The first sixth-generation fighter remains a long way off, and at this point, much of the talk about them remains pure guesswork, far too much of it wish lists of improvement in familiar areas of performance (like greater stealth or connectivity) unconnected with a technical basis for such improvements, or the realization of science fiction-al concepts (like hypersonic, laser cannon-firing invisible jets). Still, it is worth noting that virtually all of the features regarded as standard on the fifth-generation fighter, after all, actually appeared in earlier aircraft, if in a less sophisticated form: stealth (in the F-117 and B-2); super-cruising capability (seen in the British Lightning interceptor); thrust-vectoring engines (seen in the Harrier and Yak-38 Forger); phased array radar (seen in the MiG-31); infra-red search and track systems (seen in the MiG-29, MiG-31 and SU-27 fighters); and helmet-mounted sights (as in the MiG-29 and SU-27).

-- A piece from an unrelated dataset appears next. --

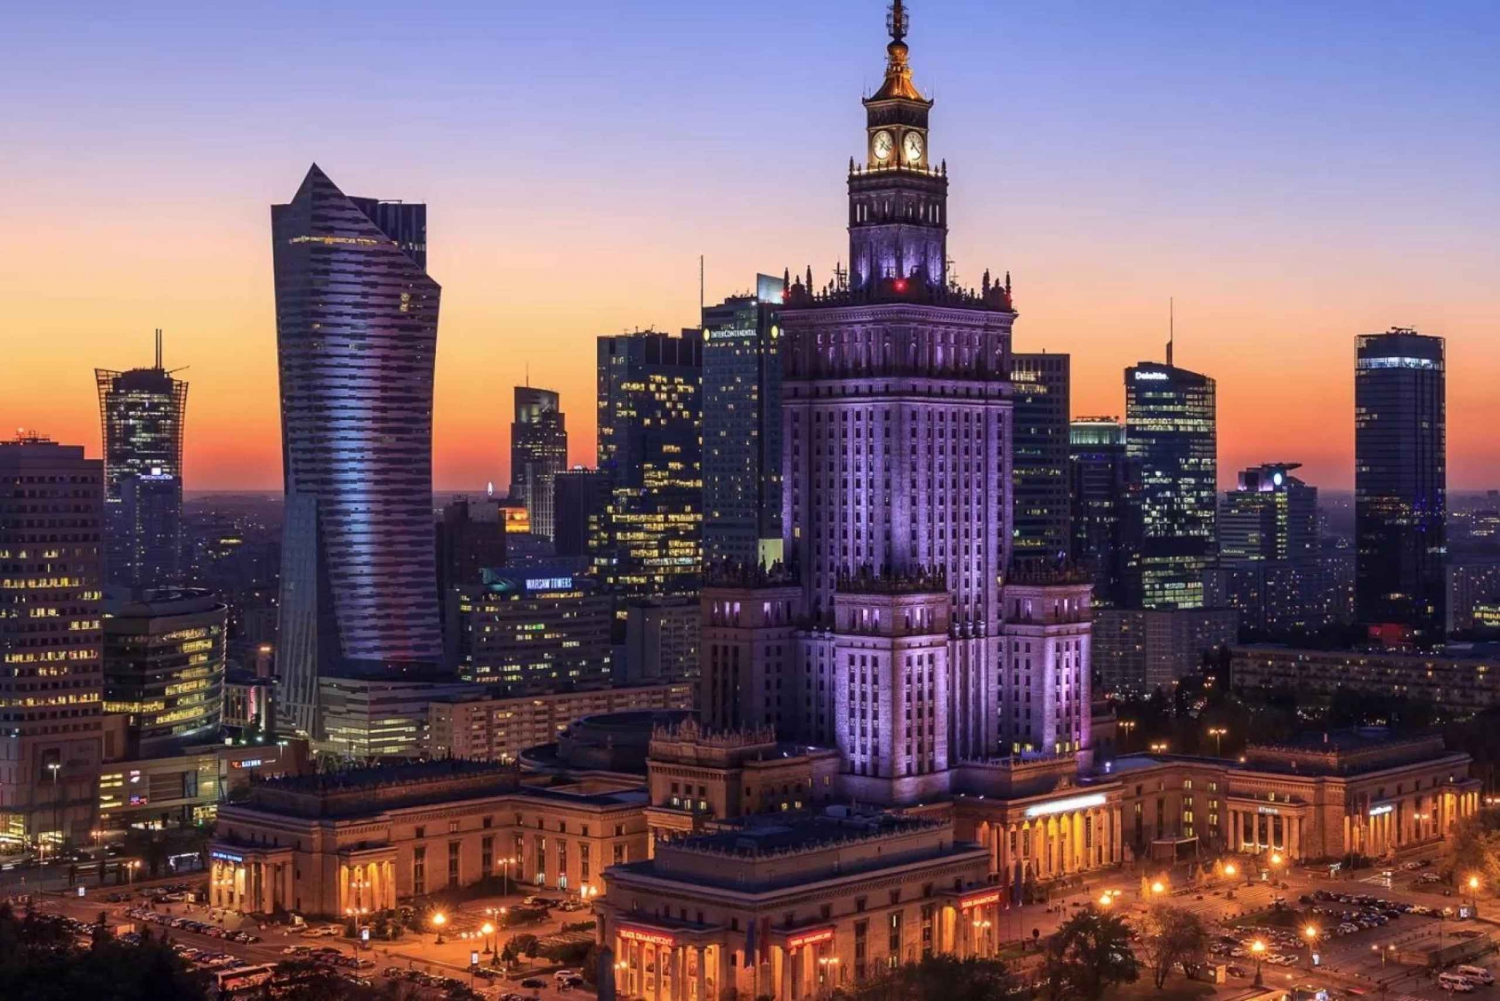 Warsaw: Palace of Culture and Science & Wilanow Palace

It therefore stands to reason that many of the features that will be standard on sixth-generation fighters will appear in other aircraft long before the first generation six jet goes on its first test flight, and this seems especially likely to be the case with the flight control systems for this next generation of aircraft. The fly-by-wire controls all but standard on today's fighters may be replaced by other systems, such as fly-by-optics, which substitutes optical fibers for wires, permitting faster data transmission and greater security against electromagnetic interference, such as will be seen on the Mitsubishi ATD-X fighter, Japan's fifth-generation fighter; or fly-by-wireless, dispensing with wiring of all kinds to relay information to the actuators controlling the flight surfaces, an approach seen in the experimental Portuguese UAV known as AIVA. The hydraulic actuators which actually control the flight surfaces might also be replaced by electric circuits ("power-by-wire"), an approach the designers of the F-35 are using in that aircraft. (Both fly-by-wireless, and power-by-wire, are expected to reduce aircraft weight and reduce the maintenance burden.)
Even more exotic are approaches which integrate flight control systems into an aircraft's wings to reduce mass and cost, as well as improve performance, and at least two are objects of interest at the moment, namely flexible wings, with which NASA has experimented using a modified F-18 (dubbed the X-53); and fluidics, which British researchers are experimenting with in the Demon drone that first flew last year.
We might also see the advent of intelligent flight control systems, which would enable onboard computers to automatically compensate for the failure of particular aircraft systems, or for damage incurred in flight. (This too is reportedly planned for the ATD-X.)
For the time being, though, it remains to be seen which, if any, of these approaches will set the next generation's standard.